I wasn’t sure whether to call this “an Australian’s thoughts on e-publishing” or “thoughts on e-publishing in Australia” or the title I ended up choosing. There are subtle differences but almost too subtle for me to tease out here, so I decided to use the shortest title.
I was inspired to write this post by Nigel Featherstone’s blog post a week or so ago about a special offer for his novella, Fall on me (my review). The deal is that you can buy the e-book version and “pay whatever you like”! Apparently, as some of you probably know, Radiohead tried something similar many years ago – and 60% chose to pay nothing. I certainly hope that’s not what happens to Nigel Featherstone and his publisher, Blemish Books. Featherstone writes of the Radiohead experiment that:
At the time, Radiohead’s approach was considered ground-breaking, but over the years there’s been debate about its impact on the music industry in general; even Thom Yorke, the band’s free-thinking frontman, said that the strategy may have been a mistake, as it played into the prevailing internet culture that everything should be free.
I certainly don’t think everything on the internet should be free. After all, everyone has to eat and if the internet is the best way to distribute the results of one’s work then one should get paid. And yet, when I first acquired my Kindle around three years ago now, my idea was that I’d only use it for free classics (such as those from Project Gutenberg)! I wasn’t, I thought, going to spend real money on a virtual book!
But, with experience has come some change of mind. Here is what I do now:
Classics: I will still acquire free classics if that’s the only way I can acquire them but if, as with say Jane Austen’s novels, they can be bought I will pay for them. This is because, really, “you get what you pay for”. With a bought classic you can usually choose a version with an introduction by an academic or critic you respect or want to read, and the edition is less likely to have editing/proofreading errors and other conniptions (as my last free classic did – it just seized up at a certain chapter and that was it. I could have investigated – re-downloaded perhaps – but it was easier to pay a couple of dollars for a commercially published edition).
- Journals: I have discovered that I quite like reading literary journals on my Kindle. I do miss the lovely physicality of many journals – some are just gorgeous (like Kill Your Darlings) and some contain pictorial content that aren’t easily reproduced (like Griffith Review) – but journal articles are perfect for spare moments when I’m out and about, and e-versions are convenient.
- Newspapers: I also like to read the newspaper in e-format, particularly since my app also supports crosswords! So far our local newspaper app is free, as they are still ironing out bugs etc, but at the prices being charged for other metropolitan newspaper apps, I’d be happy to pay for ours here in e-format, when they decide to charge. It’s so easy to select the articles I want to read, and I can read it when travelling.
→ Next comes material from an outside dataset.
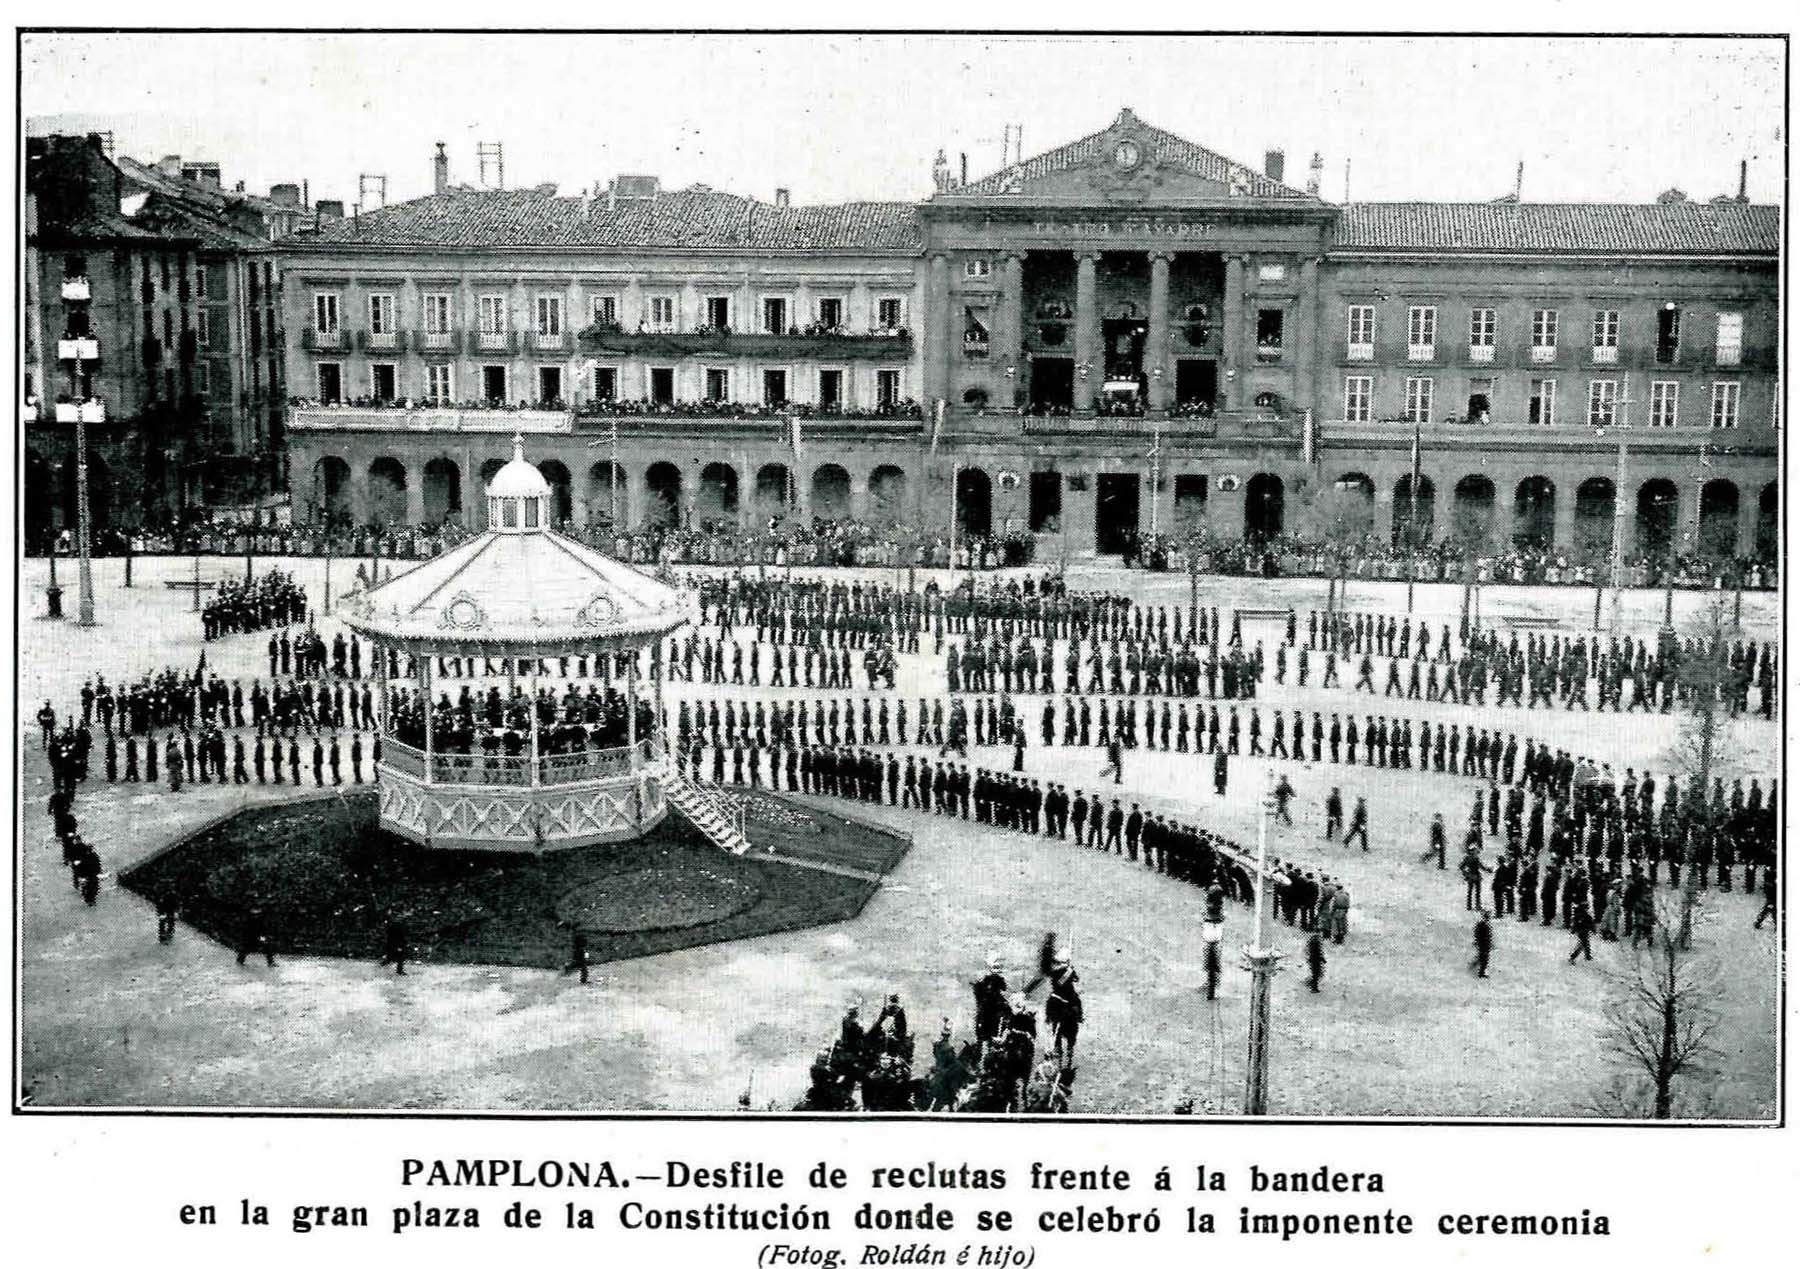 Acto de jura de bandera de los nuevos reclutas en la plaza de la Constitución.

- Contemporary literature: I have finally started acquiring contemporary literature – both fiction and non-fiction – on my Kindle. I still prefer print versions for this sort of reading but am teaching myself to enjoy e-versions. It is lovely to hear of a book, decide you want it right away, and be able to get it – particularly when it isn’t immediately available in my favourite bookshop (as I discovered recently with Courtney Collins’ The burial. “We can order it for you”, the salesperson helpfully said, but that can take two weeks or more and, being a child of the twenty-first century, I wanted it now!). I want to pay less for an e-version, but there are costs – including payment to the author – that are independent of the publishing platform, so we have to pay something. Right?
So, how reflective are my reading habits of e-publishing in Australia? Clearly, journals and newspapers are actively moving into e-formats. I don’t know how readers are responding to this, but anecdotal evidence tells me that people are increasingly interested in receiving their newspapers and journals electronically. However, the situation seems to me to be a little different when it comes to books. Again speaking anecdotally, there’s some resistance among my literary fiction cohorts to reading “whole” books electronically, with most still preferring print, even where, like me, they have e-book devices. I think there might be a bigger uptake among genre readers?
An article in The Australian earlier this year suggests that e-Books represent about 10% of book purchases here, which is less than in the US (20%) and the UK (16%). Publishers recognise that the e-book is here to stay but also believe that print will continue side-by-side (for some time to come, anyhow). Sensibly, publishers are starting to look more carefully at what they publish in what format when. Digital-first and digital-only publishing is now part of the business model. Penguin Australia, for example, has introduced its digital only Penguin Specials collection, with wonderful sounding fiction and non-fiction titles by the likes of Elizabeth Jolley, Gideon Haigh, and Orhan Pamuk. Ooh, I want to read them …
Also in The Australian article, the HarperCollins spokesperson said that:
Fiction readers, in particular, have responded enthusiastically to the e-reading experience and we have seen a significant upsurge of sales of backlist titles as people ‘discover’ a new author and then buy all previous books by them.
Great, eh? The Blemish Books initiative which inspired this post is, really, about backlist. I hope it goes well. It isn’t easy being a small publisher – or one of its authors!